_INPUT DATA_
== Segment start ==

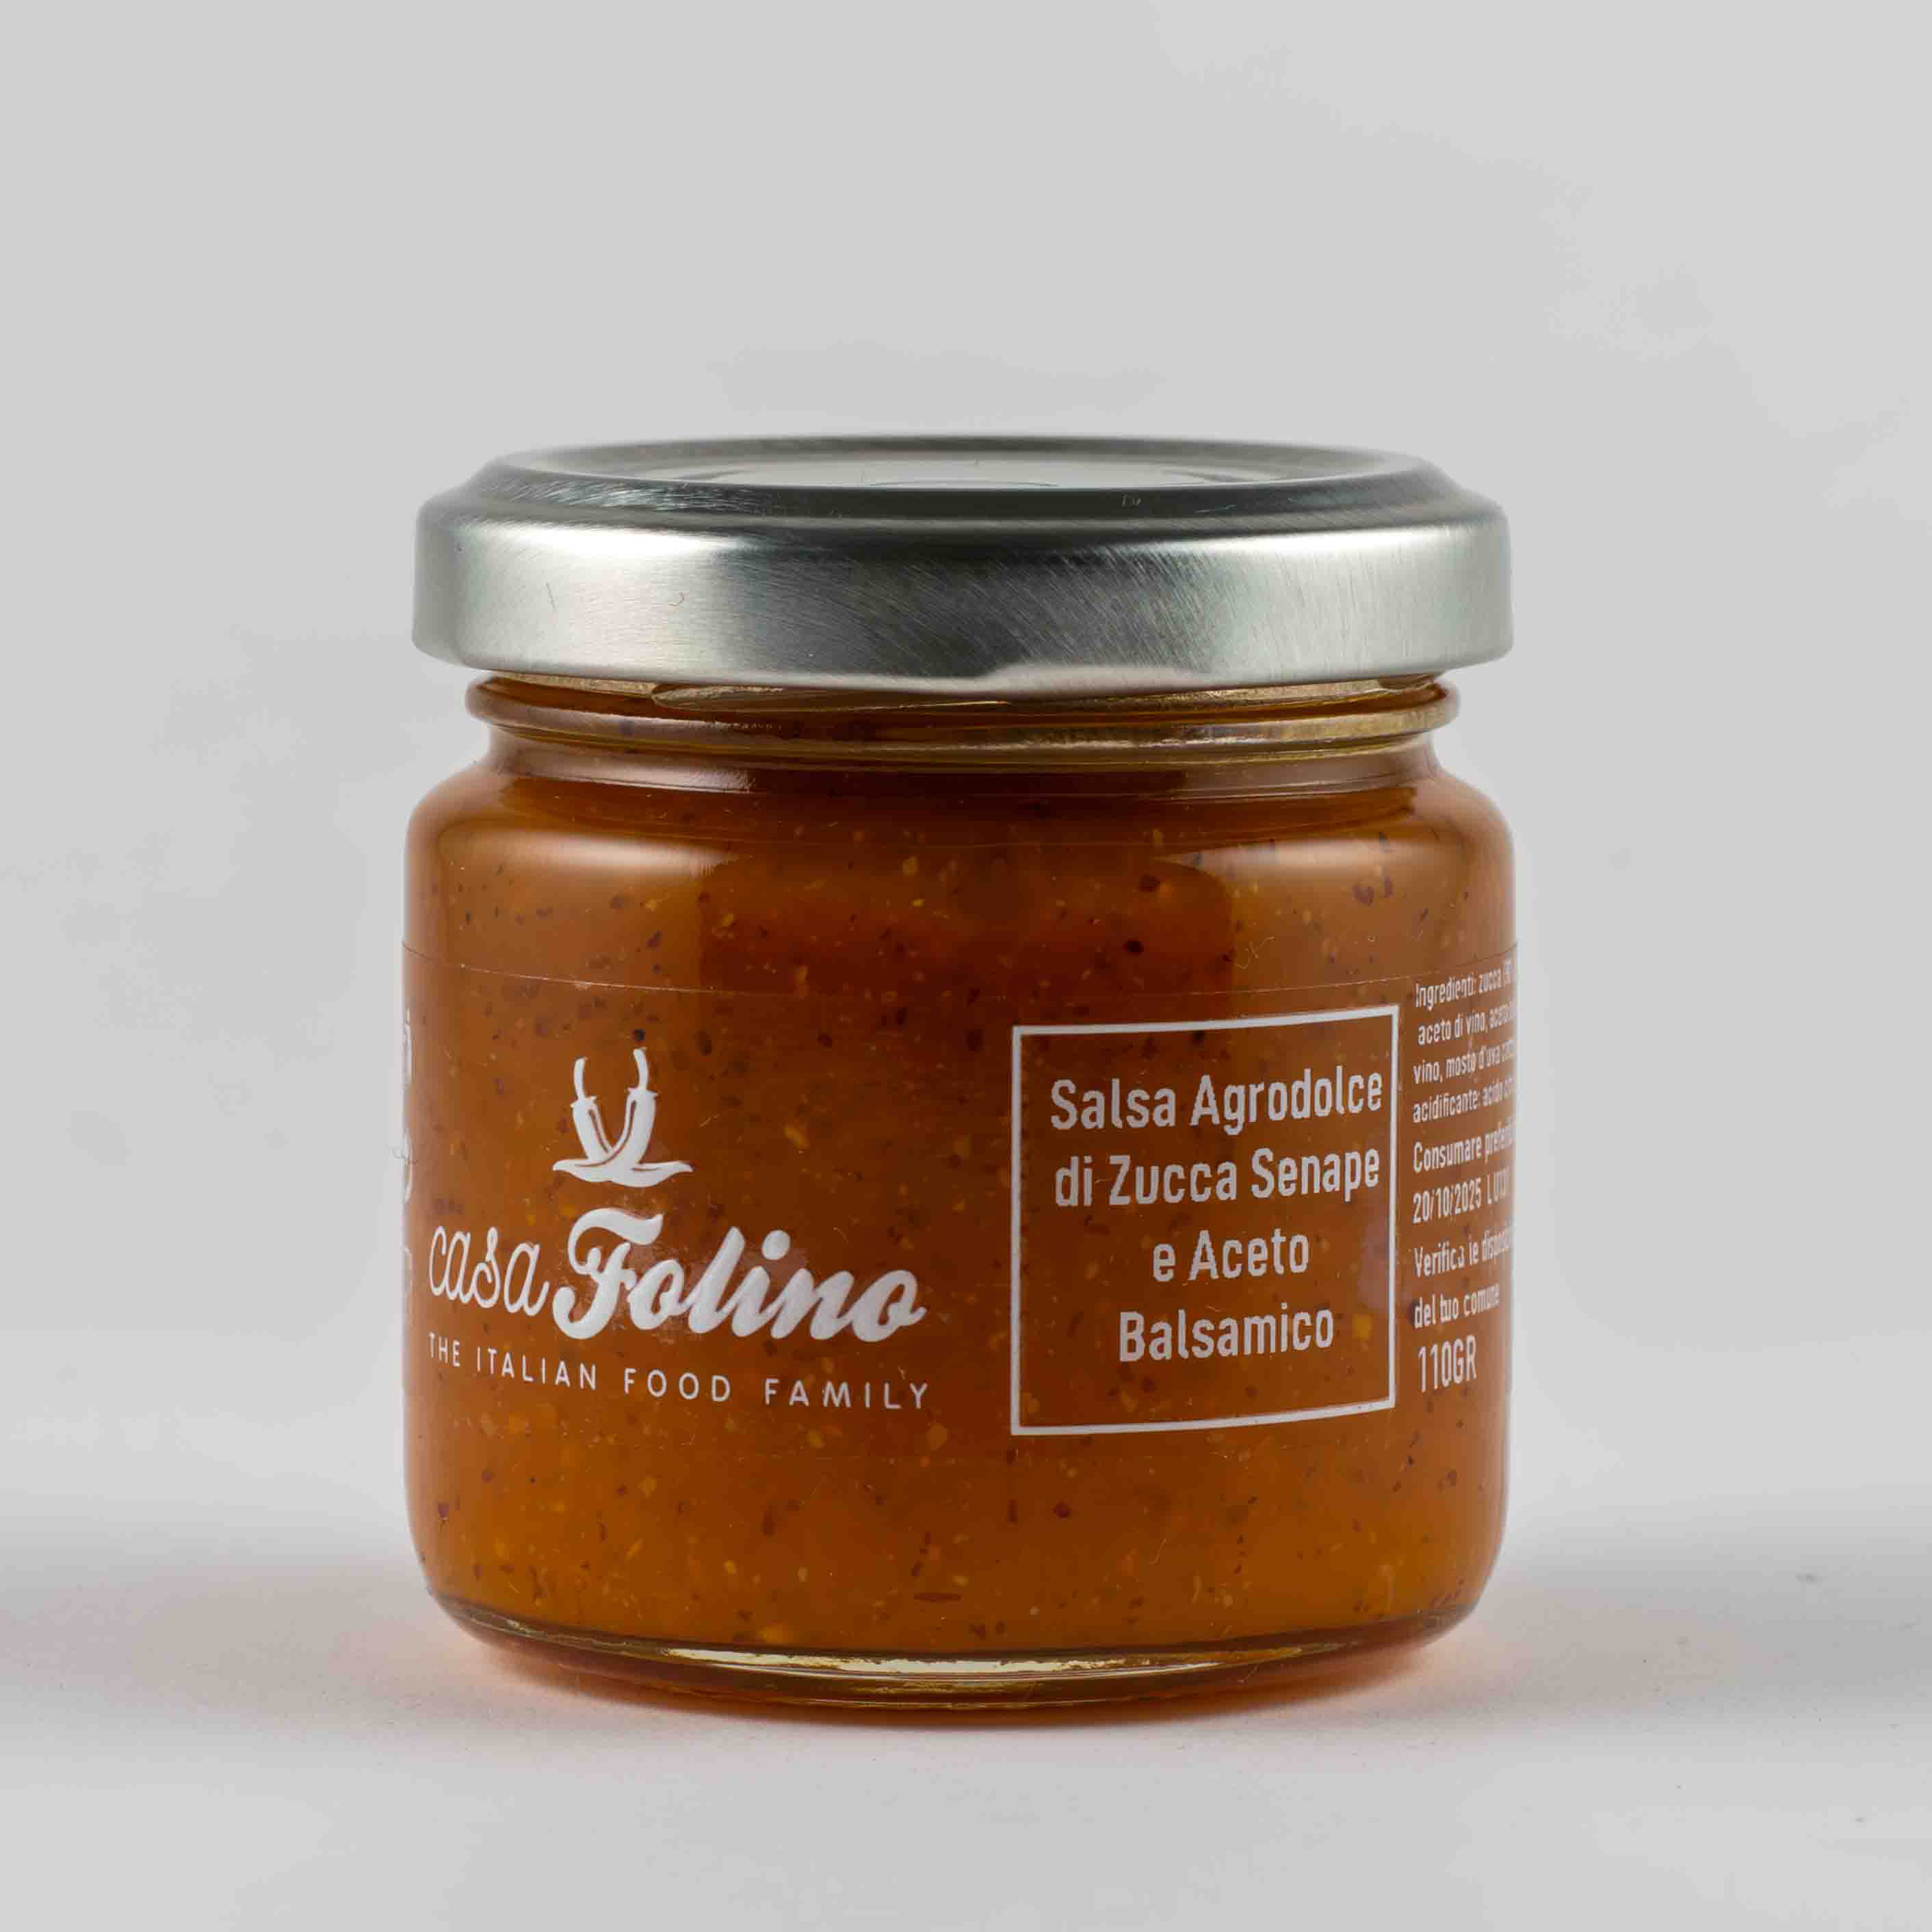 Salsa Agrodolce di Zucca Senape e Aceto balsamico 110 gr - Casafolino.com
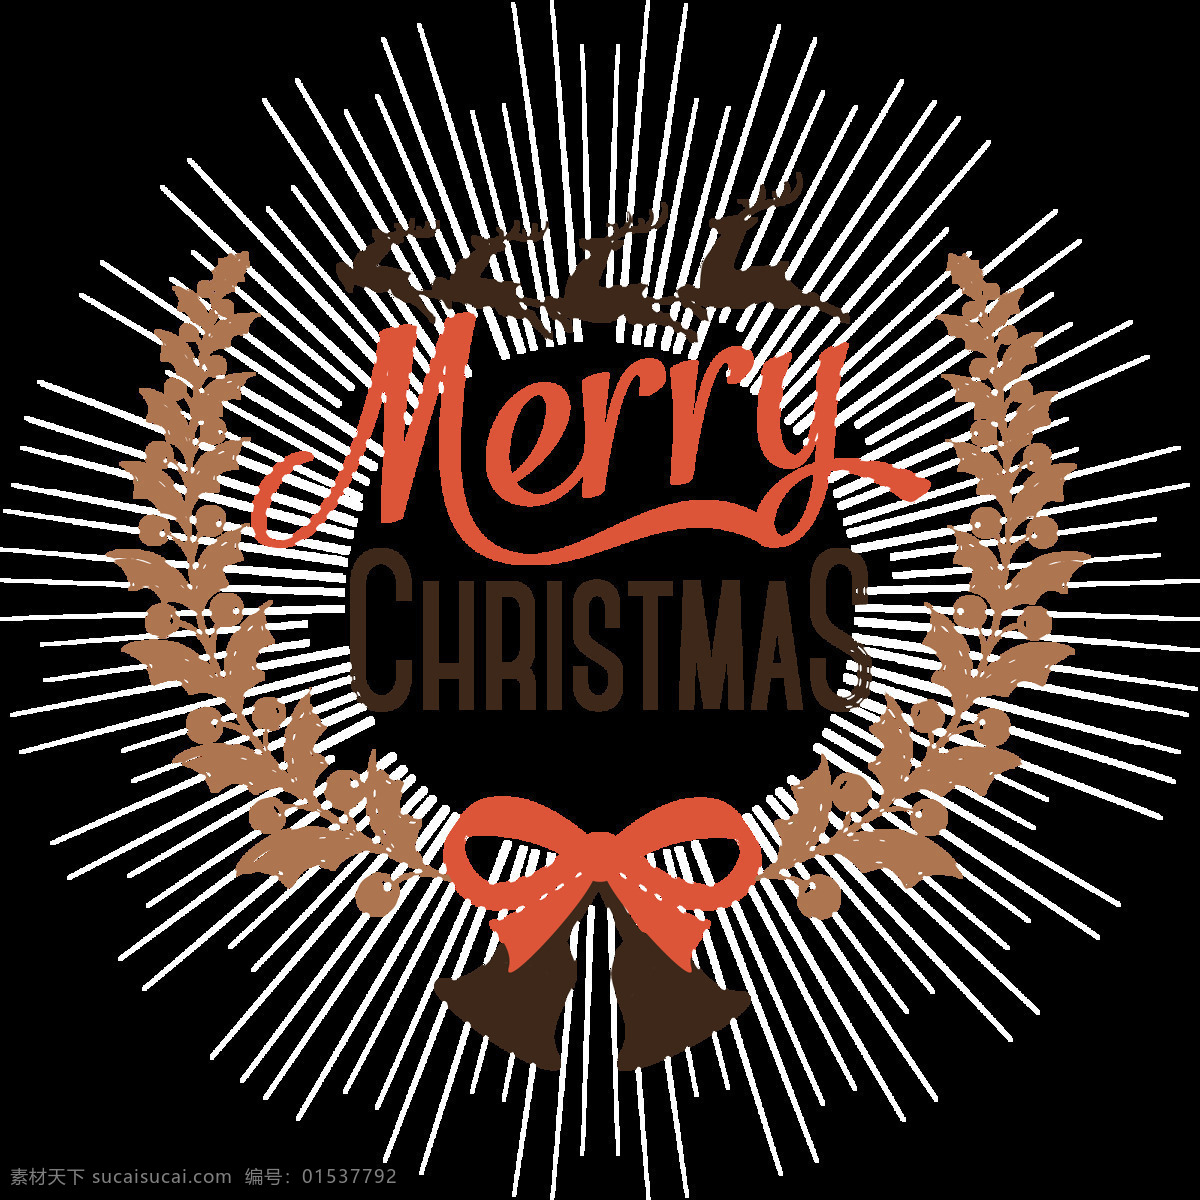 圣诞 主题 装饰 标签 元素 圣诞标签 装饰标签 圣诞铃铛 英文元素 抽象元素 抽象素材 卡通元素 装饰图案 圣诞快乐 设计素材 merry christmas
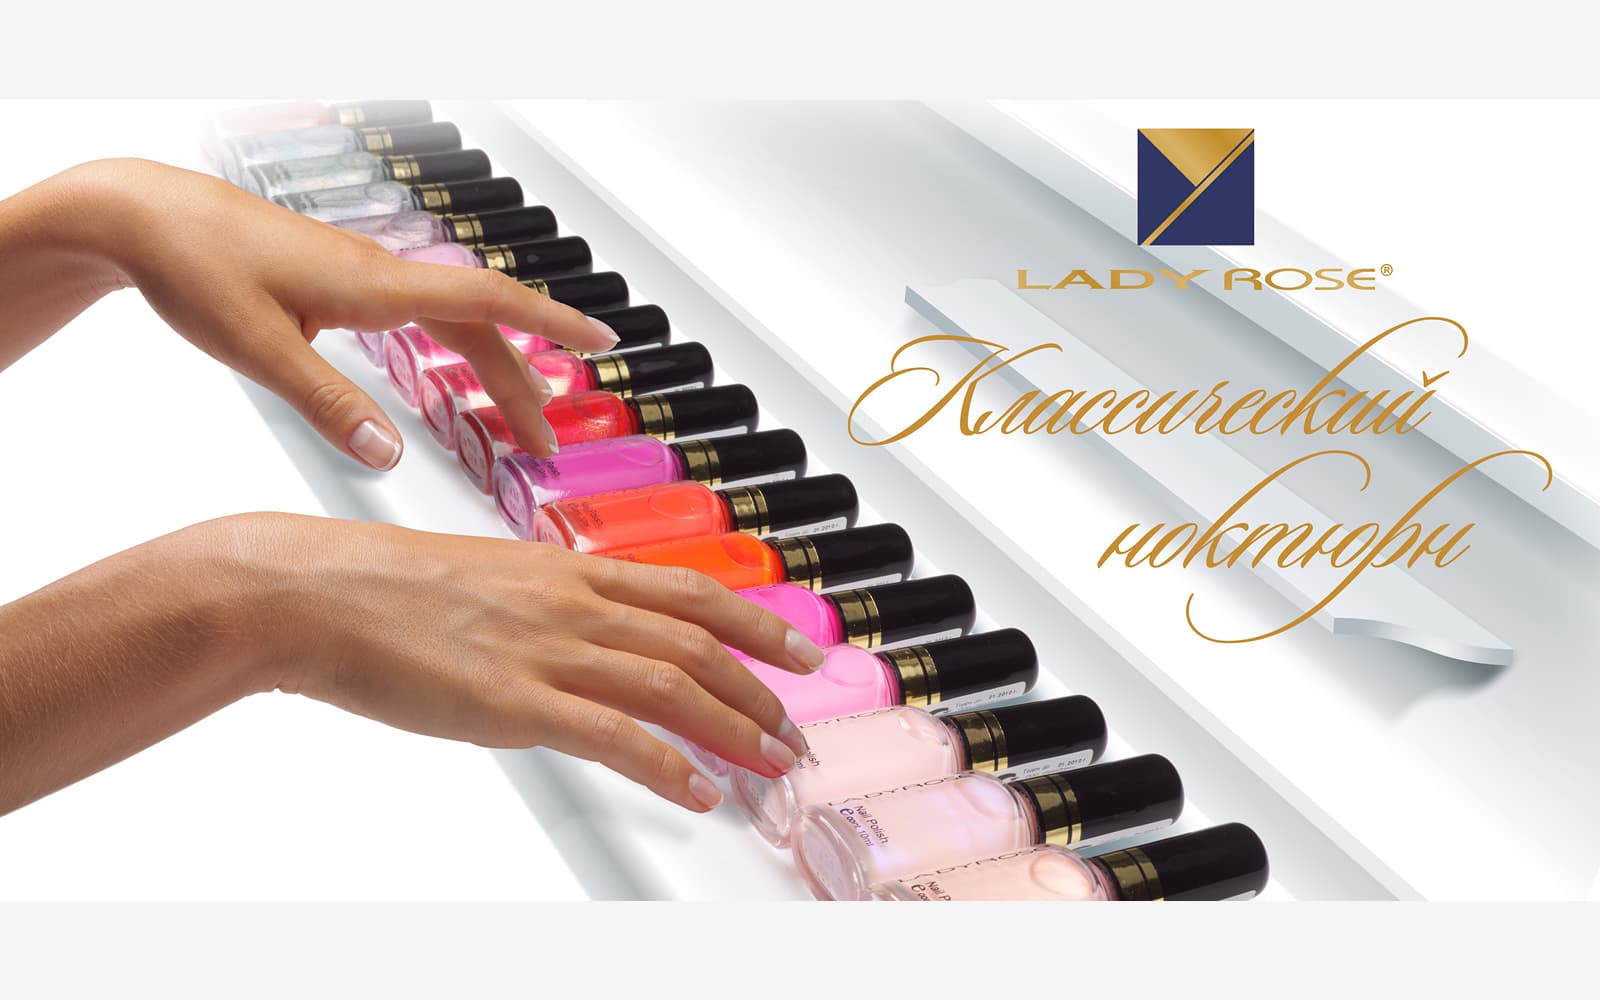 Разработали креативную рекламную концепцию для серии декоративных лаков для ногтей бренда «Lady Rose»
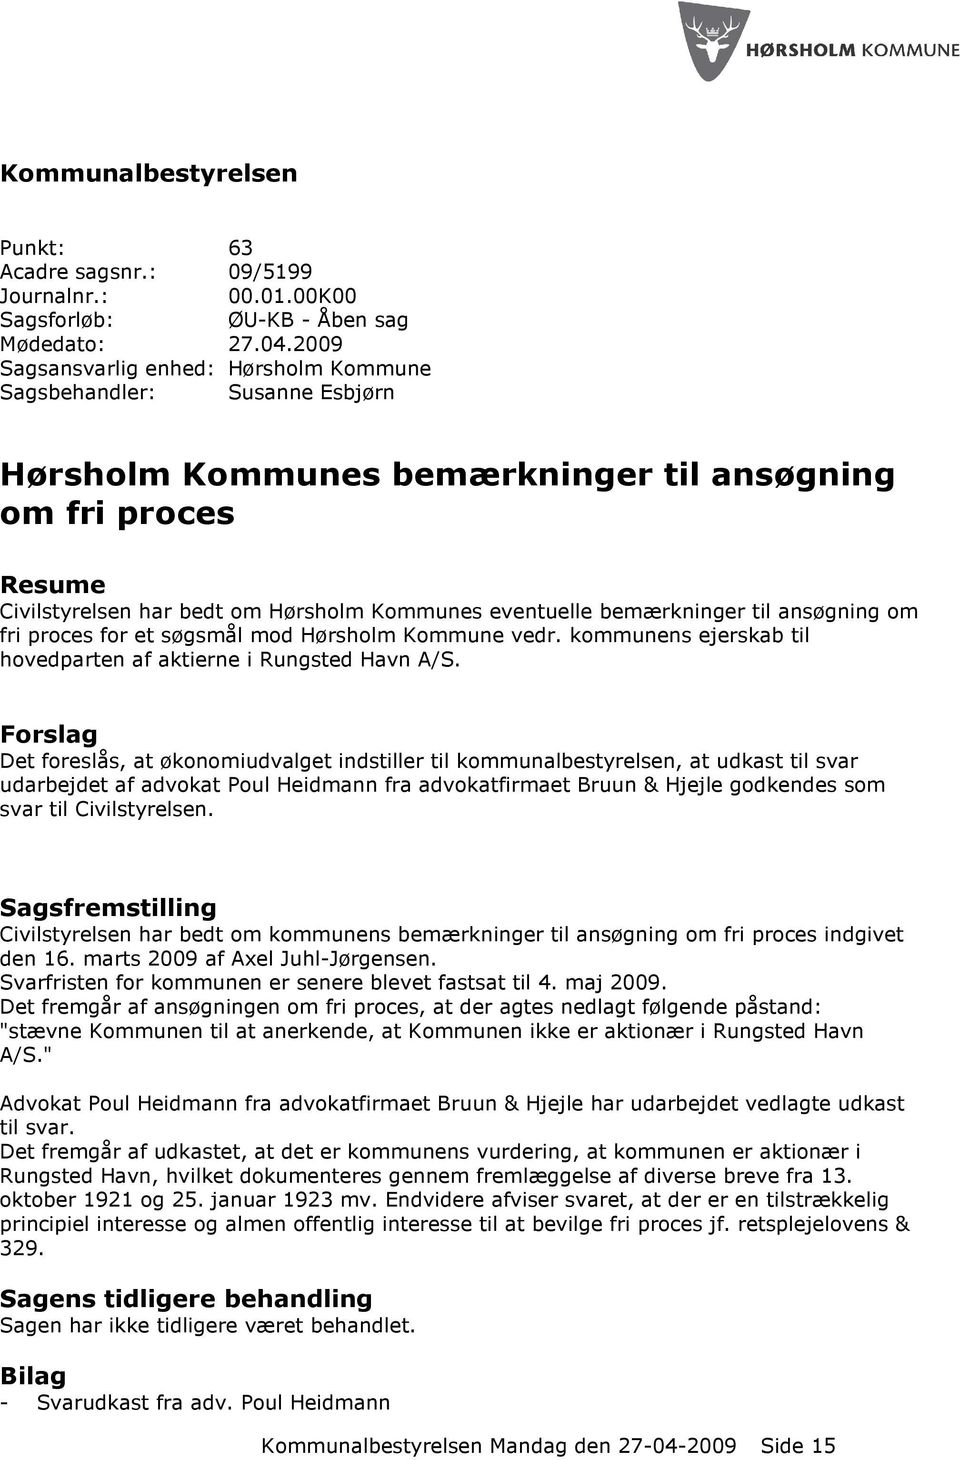 bemærkninger til ansøgning om fri proces for et søgsmål mod Hørsholm Kommune vedr. kommunens ejerskab til hovedparten af aktierne i Rungsted Havn A/S.

== Segment end ==

_YOUR GOAL_
Please output the data above exactly as given, omitting every picture.

_EXERCISE SOLUTION_
 Salsa Agrodolce di Zucca Senape e Aceto balsamico 110 gr - Casafolino.com
 圣诞 主题 装饰 标签 元素 圣诞标签 装饰标签 圣诞铃铛 英文元素 抽象元素 抽象素材 卡通元素 装饰图案 圣诞快乐 设计素材 merry christmas
 Разработали креативную рекламную концепцию для серии декоративных лаков для ногтей бренда «Lady Rose»
 bemærkninger til ansøgning om fri proces for et søgsmål mod Hørsholm Kommune vedr. kommunens ejerskab til hovedparten af aktierne i Rungsted Havn A/S.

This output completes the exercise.